Researchers at Mayo Clinic in Florida have analyzed data and come to an important conclusion — pancreatic cancer patients who got a biopsy survived longer and had better outcomes than those who did not get one.

The researchers believe "the findings likely apply to other cancers because the diagnostic technique used in this study — fine needle aspiration — is commonly used across tumor types."

The worry has been that biopsies might spread cancer cells in patients already dealing with this devastating disease.

But it's important for us to look a little deeper at what was promoted in the news release.
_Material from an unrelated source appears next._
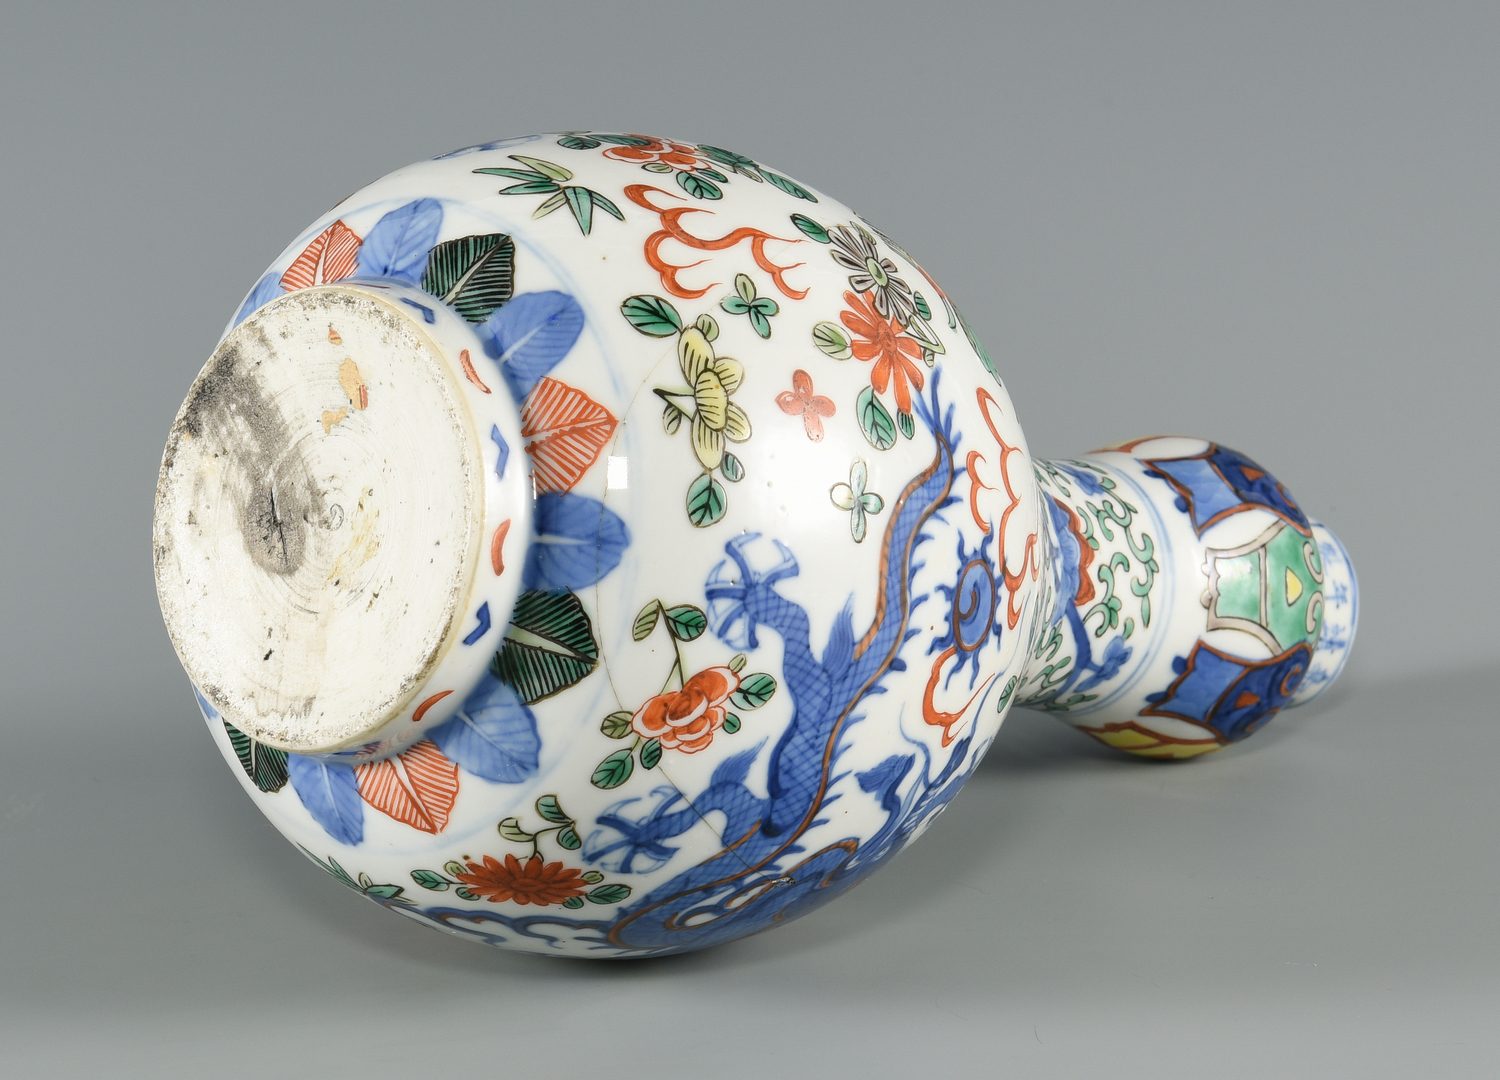 Lot 31: Chinese Doucai Vase & Compote

According to Mayo, the research "has dispelled the myth that cancer biopsies cause cancer to spread."

That's a pretty big leap from "patients who received a biopsy had a better outcome and longer survival."

Indeed, Mayo itself notes in its press release that "a long-held belief by a number of patients and even some physicians has been that a biopsy can cause some cancer cells to spread. While there have been a few case reports that suggest this can happen — but very rarely — there is no need for patients to be concerned about biopsies…."

I'd like to toss a little caution into this equation.

It's important to recognize that Mayo is calling spread of cancer cells related to biopsies a myth.

But Mayo also points out that, indeed, a few, rare case studies have indeed shown the spread can happen. Something that actually happens, however rarely, is not a myth. It is real.

Patients should be made aware that cancer cells can indeed be spread during biopsy, but also be made aware of how rare the occurrence is and that survival and outcomes are better statistically for patients overall when biopsies are done. That allows patients to make fully informed decisions.

As you, the reader, read health-related stories, please keep an eye out for words that seem too good to be true; words like cure, myth, never, always, linked.

Beliefs do not always come true, even when good scientists hold seemingly commonsense, research-based views.

So please keep a wary eye when reading health-related articles and ask questions of your health provider to learn the risks and benefits — to make up your own mind.